For product branches, we divide the size between the number of children, and recurse.

### Comparison with other packages

`safe-gen`

exists in a similar space as `generic-arbitrary`

.
Both make writing `Arbitrary`

instances less error-prone.
The philosophical difference is that `generic-arbitrary`

does most of its heavy lifting upfront and at the type level, whereas `safe-gen`

works entirely at the value level.

The two benefits of `generic-arbitrary`

are that it can provide pretty good guarantees at compile time, and that it only requires a single derived instance.
Its main drawback is that there are cases where it *can't* derive (useful) instances, and it won't *always* be able to warn you about that.
Examples include when you have mutual recursion, tricky fixpoints, or invariants to maintain.
`safe-gen`

won't be able to preclude certain known-bad generators the way `generic-arbitrary`

can, but on the flip side, it will allow certain valid generators that `generic-arbitrary`

doesn't, and it makes it easy to dive under the hood to tweak instances where necessary.
The choice is yours, and the buy-in for either is generally low enough that you can't go wrong either way.
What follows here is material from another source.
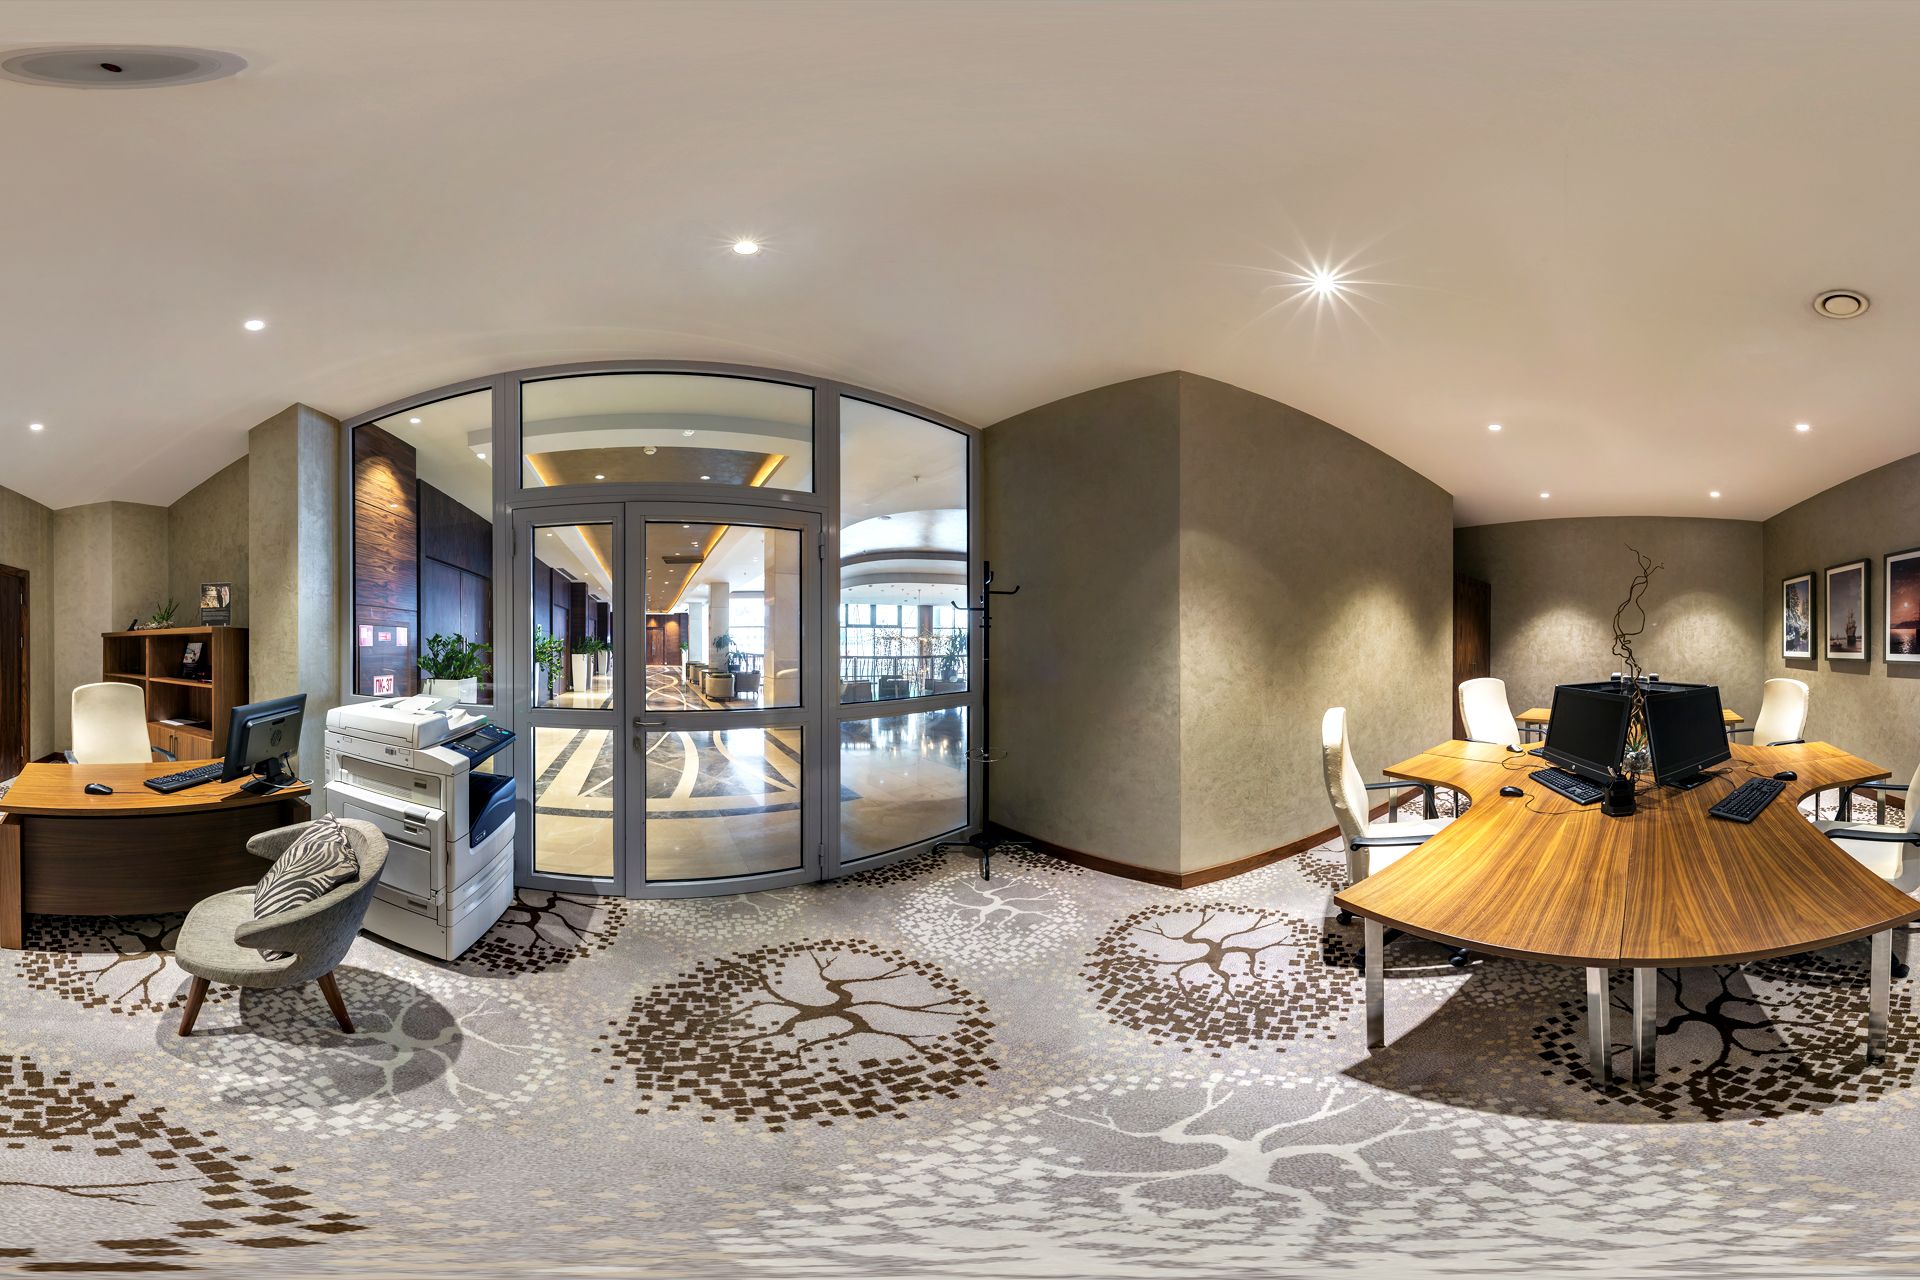 7 Benefits of Virtual 360° Tours for Corporate Offices

There is also `less-arbitrary`

.
It attempts to address some of `generic-arbitrary`

's shortcomings by adding a heuristic based retry for generators that seem to loop and, like `safe-gen`

, provides a way to manually tweak generators.
My main criticism is that, compared to `safe-gen`

, its API is complicated, and it's still pretty easy to shoot yourself in the foot and write an unbounded generator.
By comparison, with `safe-gen`

, the naive implementation is almost always correct.